Los Angeles' Skirball Cultural Center today will begin displaying the original text of Nazi leader Adolf Hitler's infamous Nuremberg laws--which codified the exclusion of Jews from German society--in the hopes educators will use the document to provoke reflection on one of the great questions of the 20th century: How did one of the world's greatest countries give rise to one of history's most heinous crimes?
The Skirball museum has acquired the original German-language text of the Nuremberg laws on indefinite loan from the Huntington Library, which made the surprise revelation last weekend that it possessed the documents, whose whereabouts were unknown.
Uri Herscher, the center's president, said the museum wants to make a viewing of the decree, which was signed by Adolf Hitler in September 1935 in a prelude to the death camps of the Holocaust, an important part of its regular morning tour for senior high school students.
Herscher said the viewing will be scheduled to follow the students' tour of the Ellis Island Gallery, an exhibit that emphasizes the struggles of immigrants coming to the United States. He said he believed that the document will underline the tour's focus on the preciousness of democracy, help illustrate the perils of depriving a people of individual rights and spotlight the power of hateful words.
"We need to take words very seriously," Herscher said. "Six million Jews lost their lives because of the power of the pen in the hands of a monstrous autocrat."
The document was welcomed by Jewish historians as a refutation to the claims of some fringe revisionist movements that argue that the Holocaust never took place, he said.
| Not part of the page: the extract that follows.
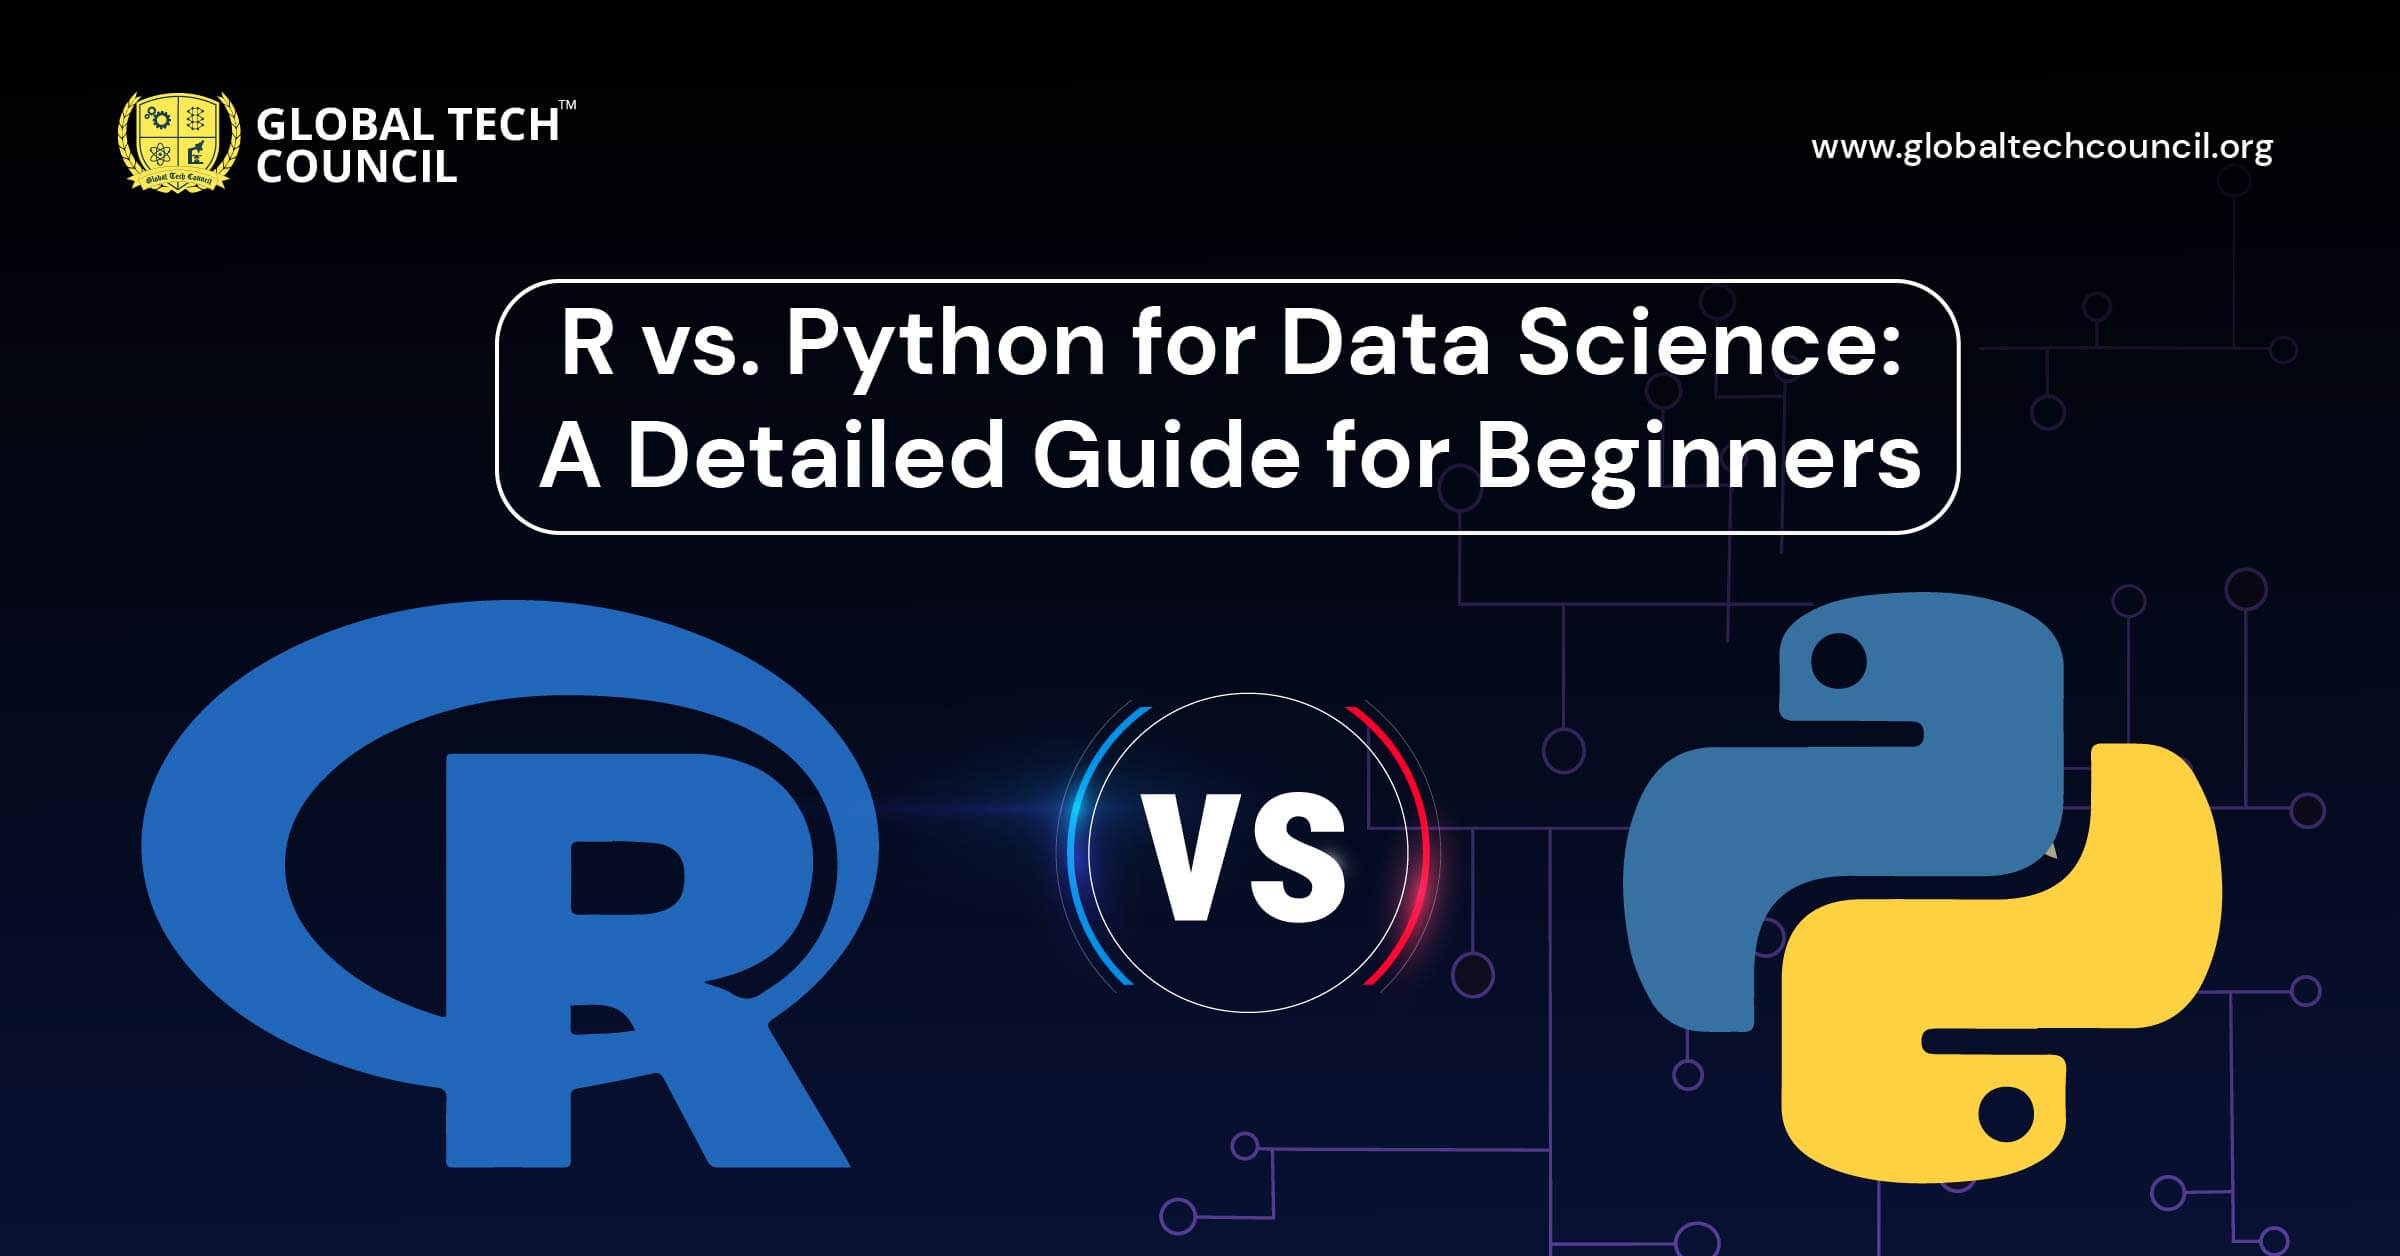 R vs. Python for Data Science A Detailed Guide for Beginners

"You cannot, any longer, say the Nuremberg laws were a fabrication or an abstract theoretical document," Herscher said.
The Skirball center has hosted about 1 million visitors--40% of them non-Jewish--since it opened three years ago. On mornings it has been open to tours by 200,000 public school children, he said.
Jewish scholars say that the Nuremberg laws, whose stated aim was to protect "the purity of German blood," effectively redefined Jews, not just as a religious group but as a separate, alien race.
It explicitly prohibited sex or marriage between Jews and "citizens" of Germany. Jewish historians say that the documents marked an important legal step in segregation that would lead to the mass executions in Nazi death camps. Herscher said the Nuremberg laws prompted his parents to leave Germany and contributed to the deaths of 18 family members in Nazi camps.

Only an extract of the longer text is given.